Aquí hay una gran verdad: “Si la poesía tiene un poder acaso sea éste: el de realizar
una desapropiación extrema de las cosas, el de la aspiración a una palabra neutra, como
quería Blanchot, que dé cuenta de la experiencia de mundo donde el poeta es apenas un
operario o médium de un contenido emocional que preexiste y rebasa el ámbito material de
la palabra”. Sin embargo, hay una inconsistencia al afirmar que “el poder de la poesía, en
todo caso, siempre rebasa al poder que pueda asociarse al poeta (...)” Precisamente, la
poesía, por lo menos la escrita o dicha, como argumentará Raya más adelante, resulta de un
poder que tiene el poeta (médium u operario) para dudar y recrear los significados usuales e
interrumpir las ocupaciones mundanas, ocasionando la ventura emergente de ser poeta.
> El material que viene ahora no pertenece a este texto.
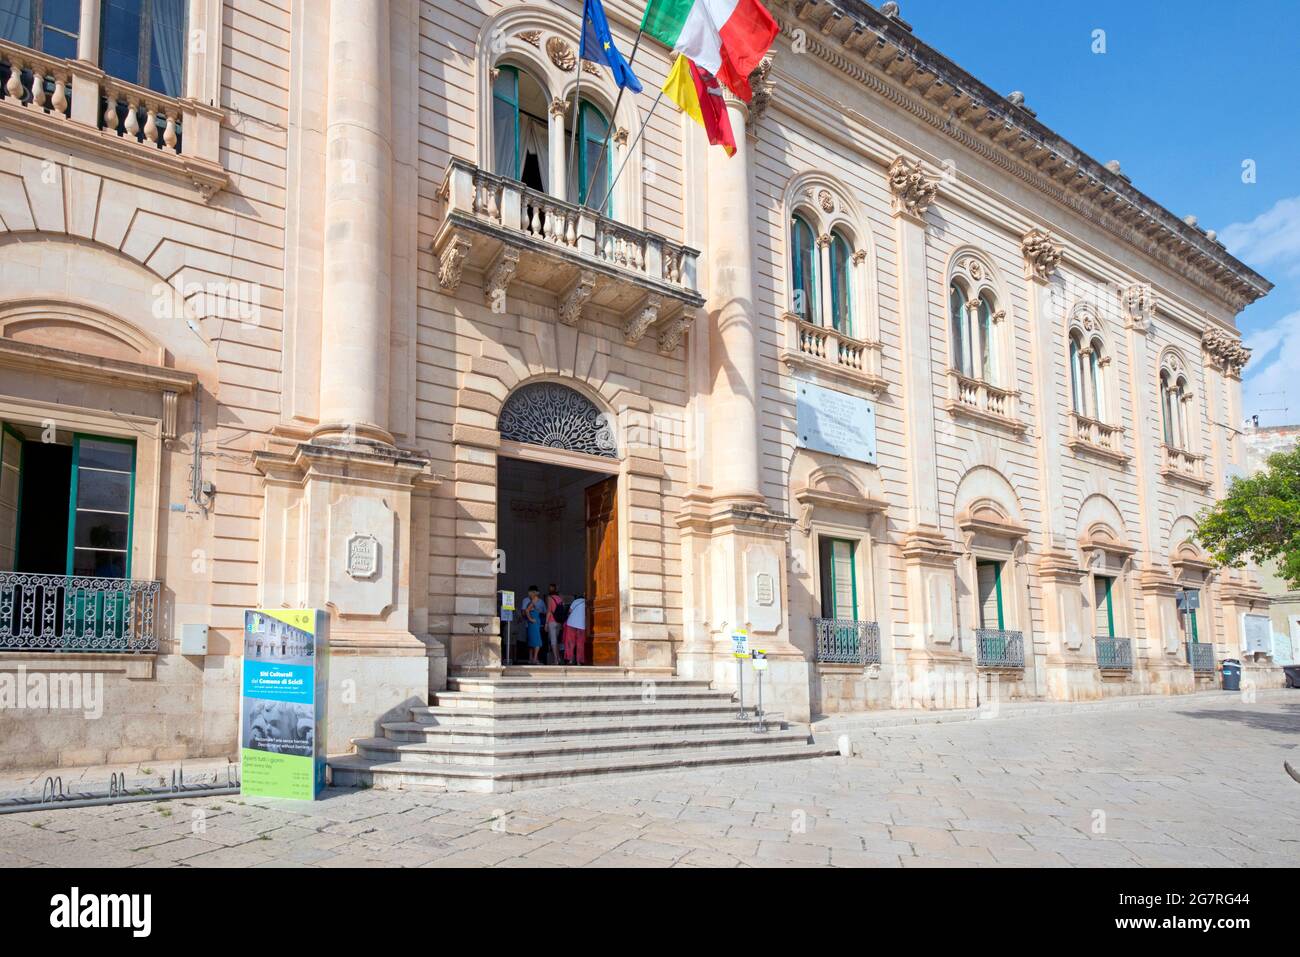 The town hall of the baroque city of Scicli. Ragusa, Sicily, Italy Stock Photo

Así
surge la persona que decide poetizar y trastocar el lenguaje que manipula a diario: desde el
publicista hasta el científico. Un poeta no lo es siempre, sino sólo de vez en cuando, por eso
es muy sano que se desempeñe como “profesor, tallerista o burócrata”, editor, médico,
ingeniero, psicólogo, etc. Aunque amamos, comemos y dormimos poéticamente, sólo en el
momento de atrapar una visión somos poetas. En lenguaje de poder, el poeta usaría una
potestad de autodeterminación; en filosofía, construiría una ética inconfundible. Es
precisamente por él que la poesía llega a tener cierto poder entre nosotros.